Please print exactly the lines below, from the start of the material up to and including the line with "Lebendige Farben Frühling", but none of the pictures.

## [DATA FOR THIS EXERCISE]
+===+

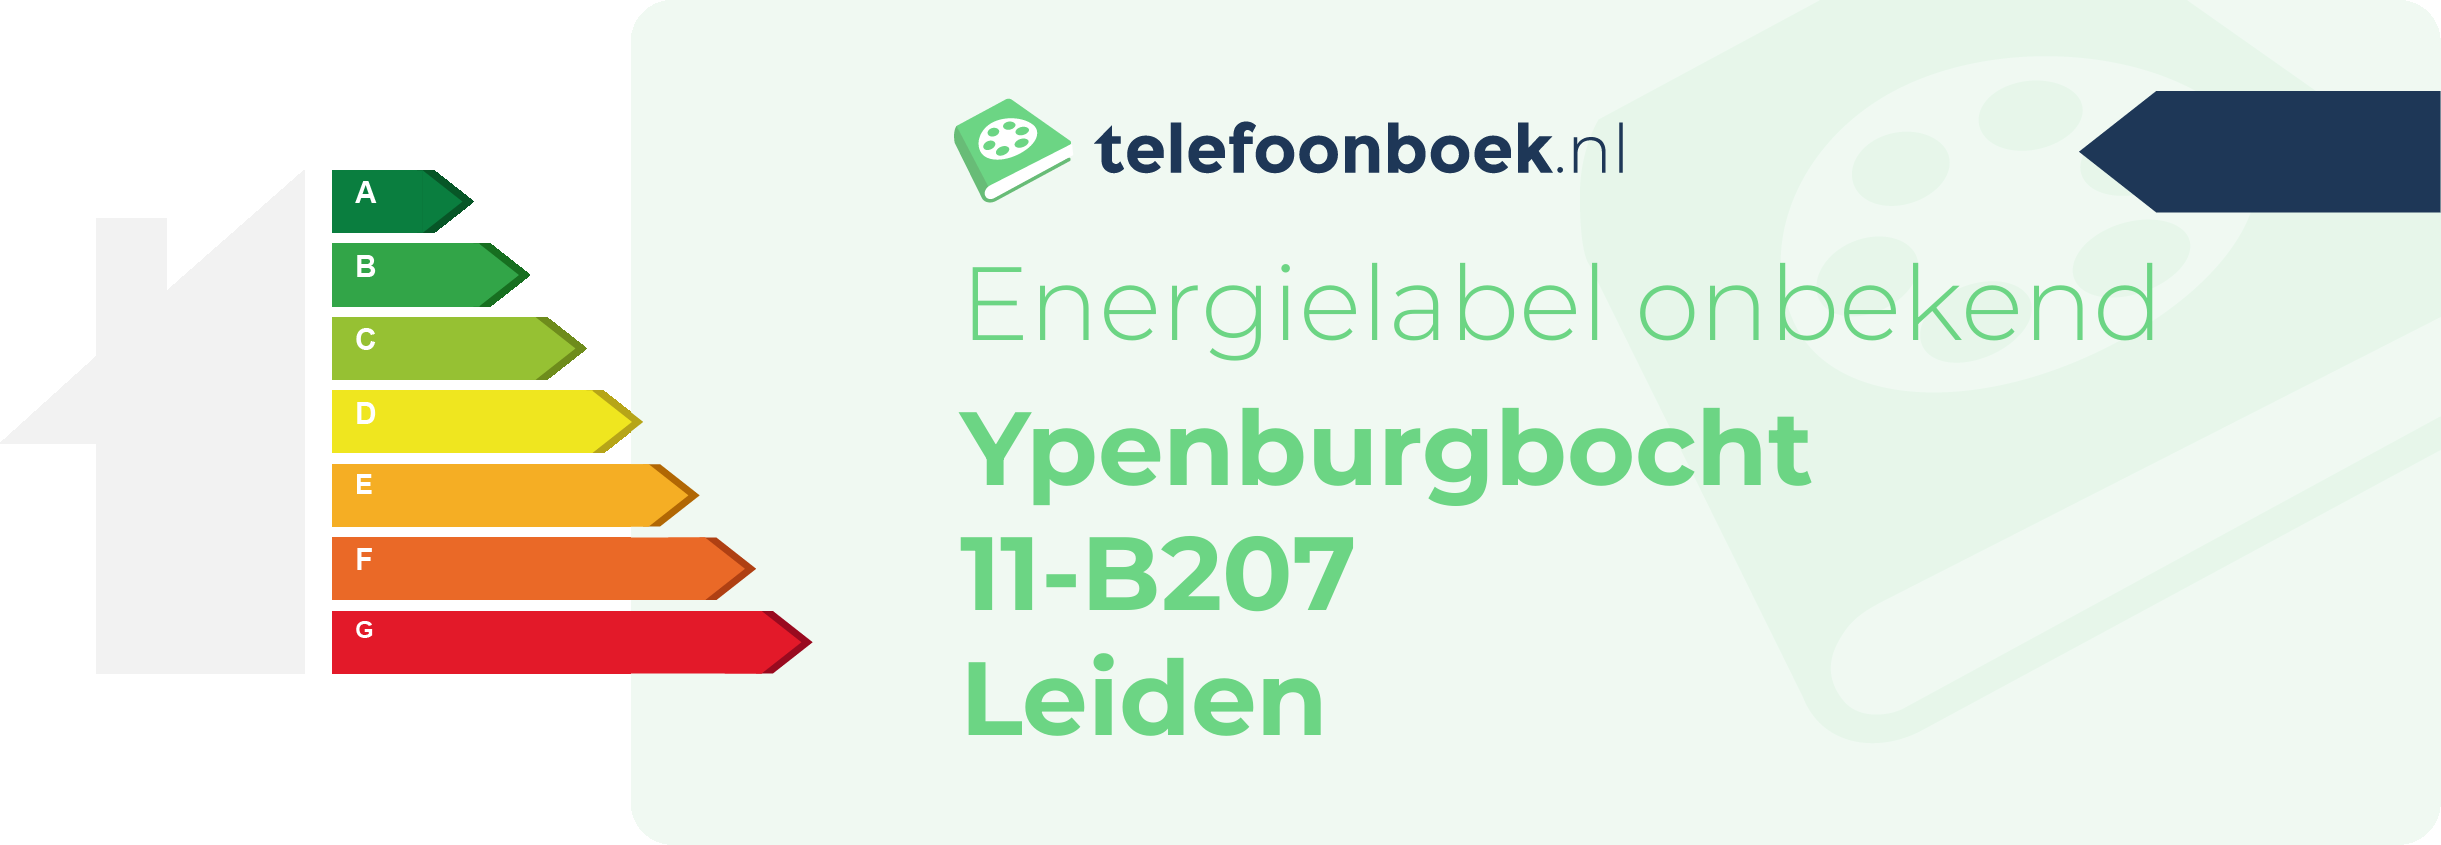 Energielabel Ypenburgbocht 11-B207 Leiden
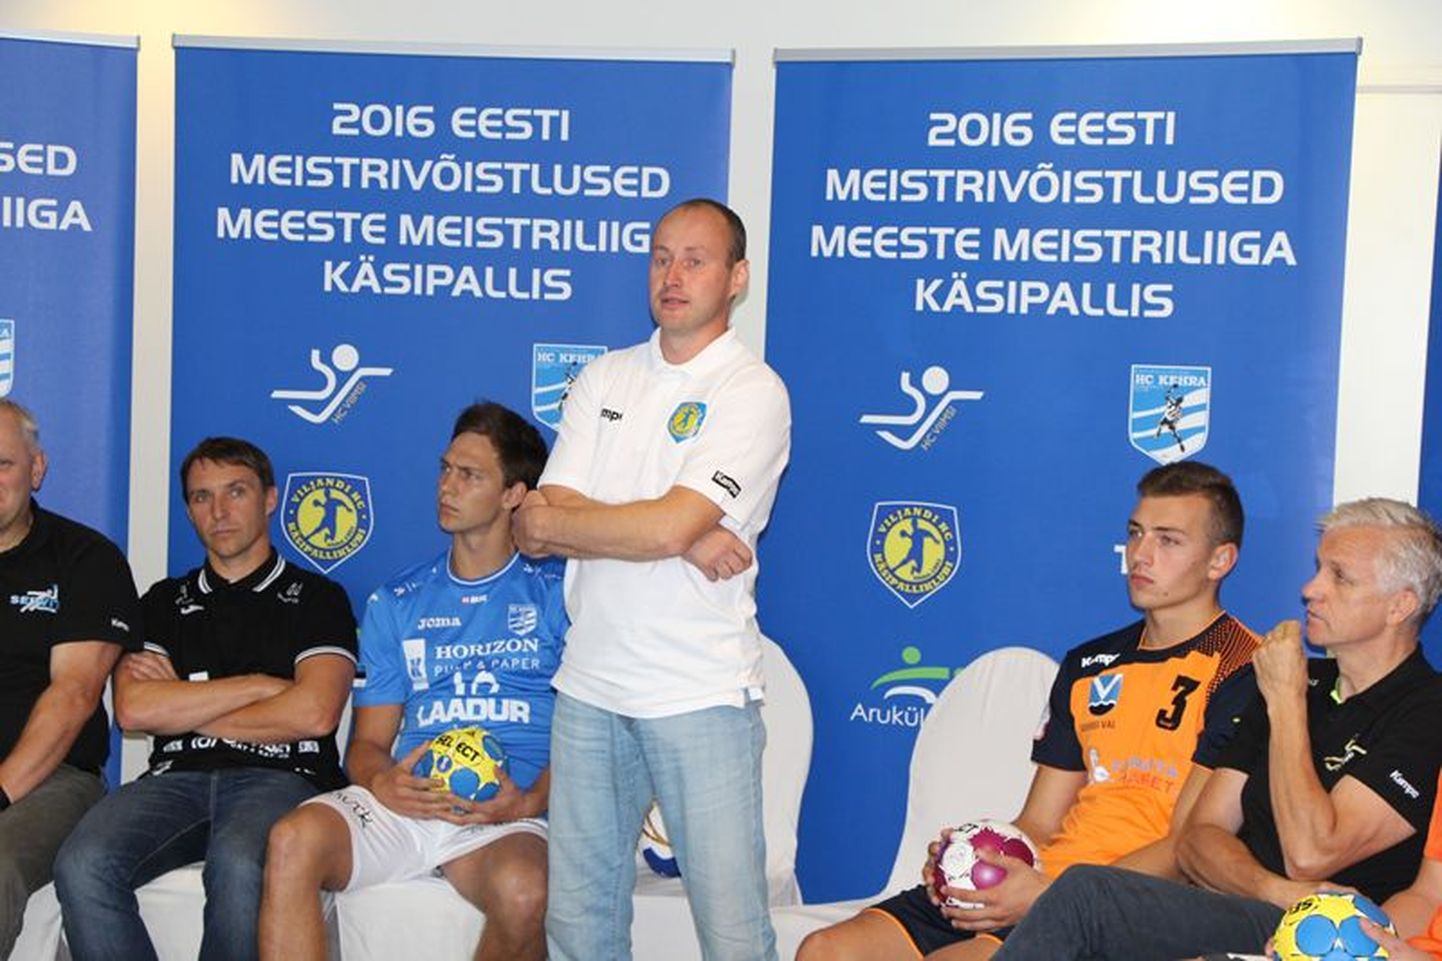 Esmaspäevla tutvustasid Tallinnas käsipalli meistriliiga meeskondade juhendajad ja esindajad oma plaane ja eesmärke.
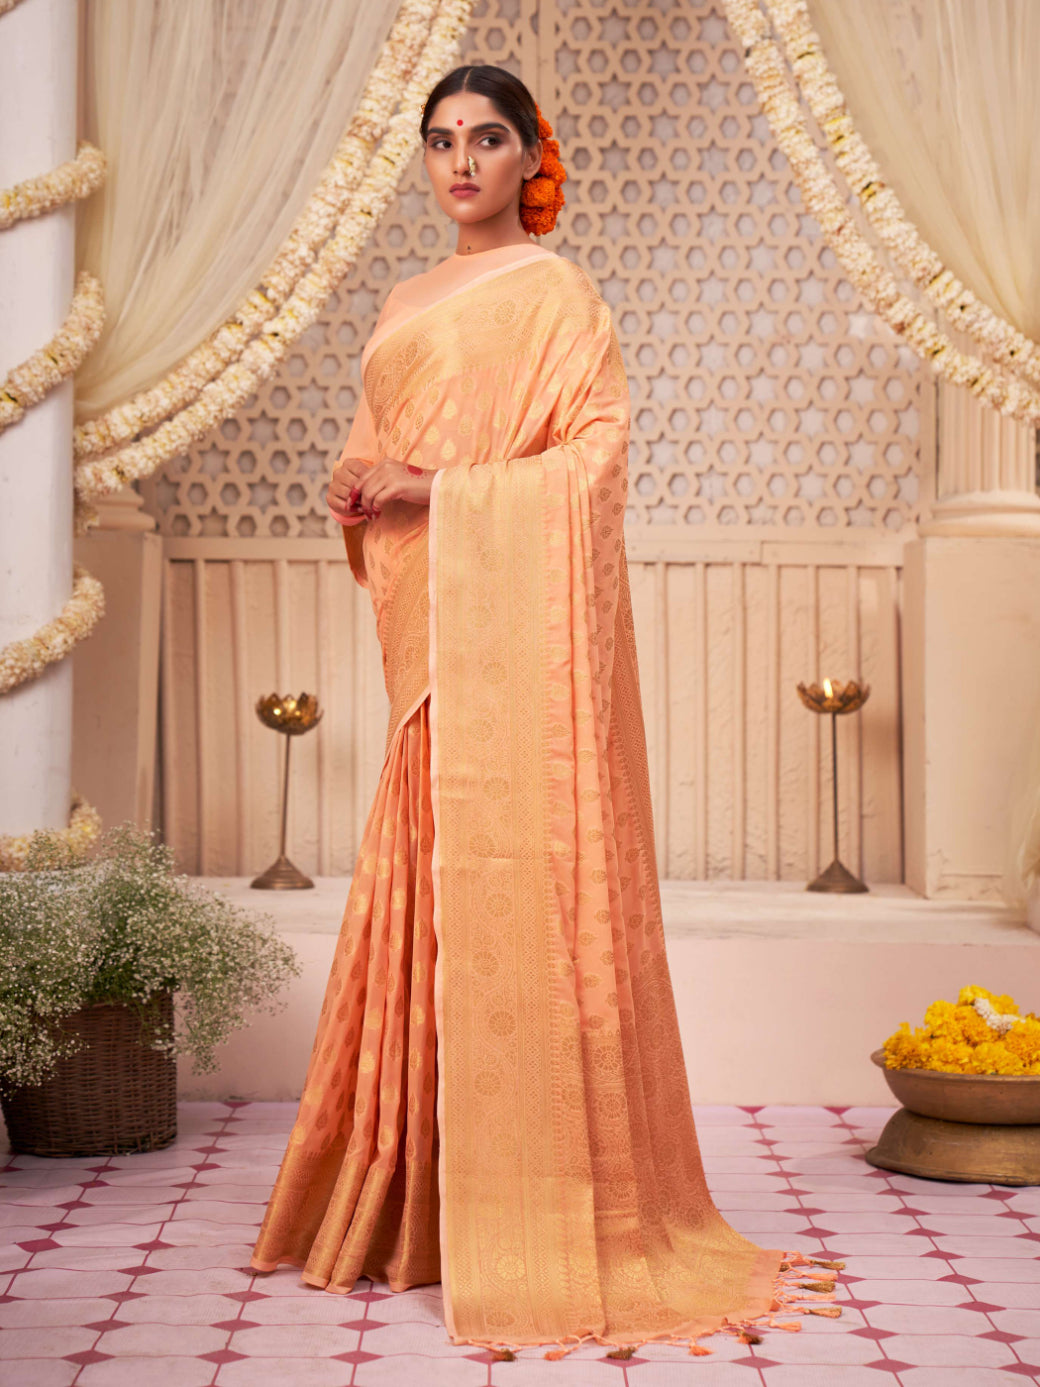 Atomic Tangerine Orange Gold Zari Khaddi Banarasi Georgette Saree | House of Vardha
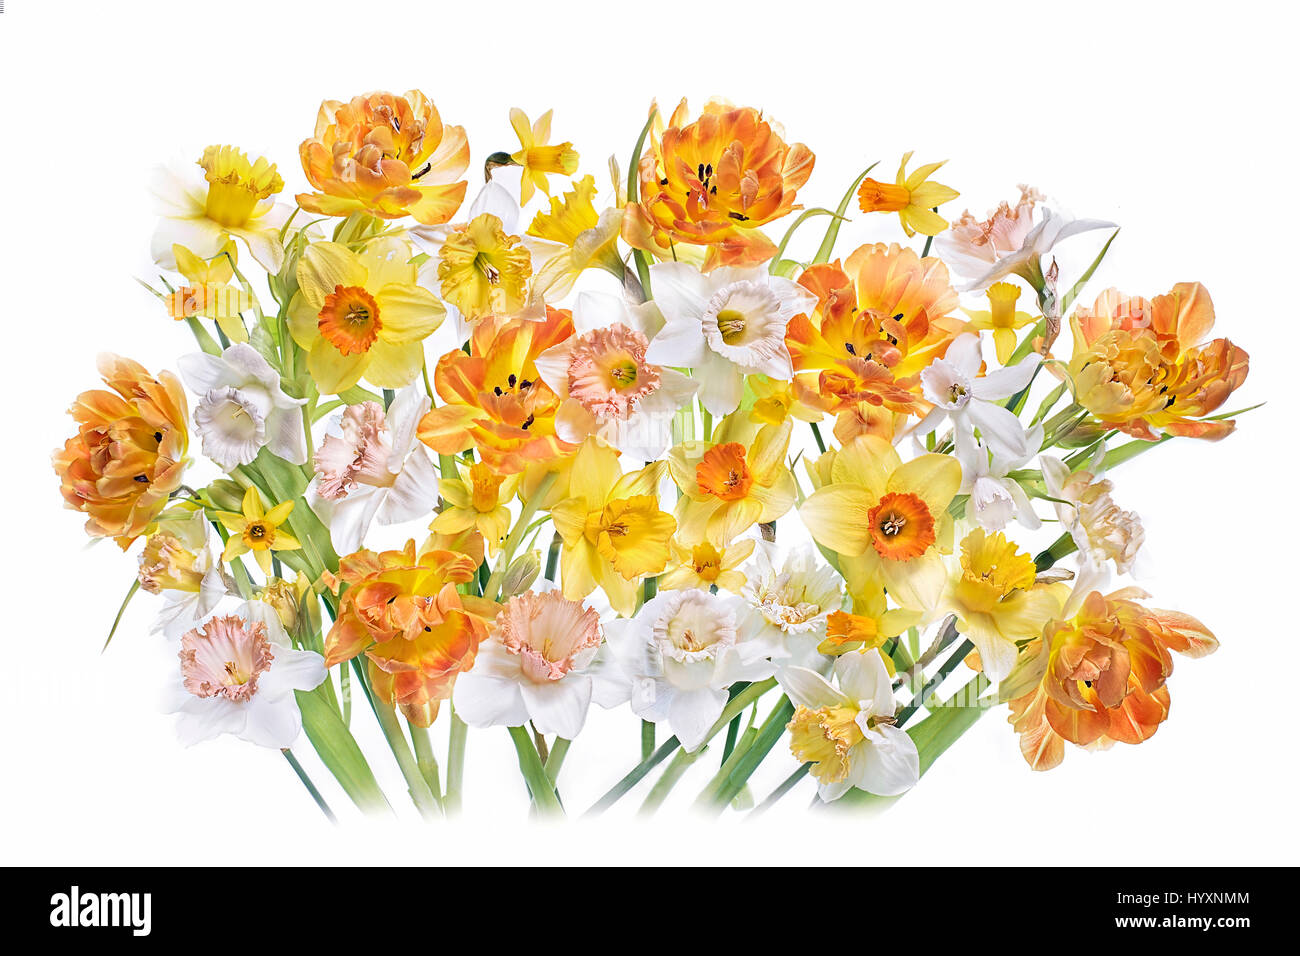 Lebendige Farben Frühling Tulpen und Narzissen Blumen vor einem weißen Hintergrund. Stockfoto
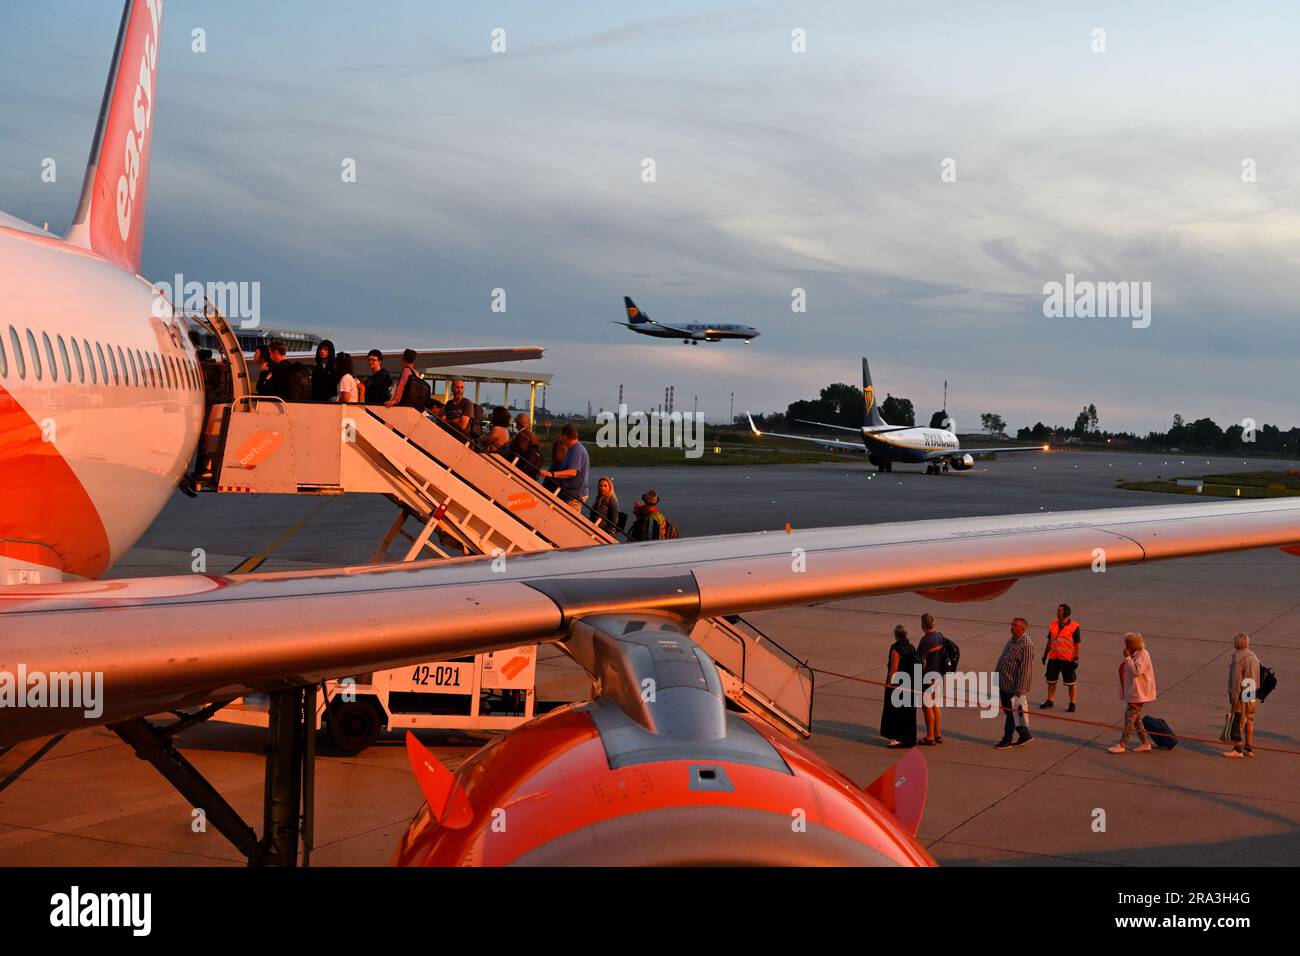 Am Abend, easyJet Flugzeug mit Passagieren, die hinten einsteigen, mit einem anderen Flugzeug, das an Land kommt und das dritte auf der Landebahn, Flughafen Porto, Portugal Stockfoto

+===+

## [TASK RESPONSE]
 Energielabel Ypenburgbocht 11-B207 Leiden
 Esmaspäevla tutvustasid Tallinnas käsipalli meistriliiga meeskondade juhendajad ja esindajad oma plaane ja eesmärke.
 Atomic Tangerine Orange Gold Zari Khaddi Banarasi Georgette Saree | House of Vardha
 Lebendige Farben Frühling Tulpen und Narzissen Blumen vor einem weißen Hintergrund. Stockfoto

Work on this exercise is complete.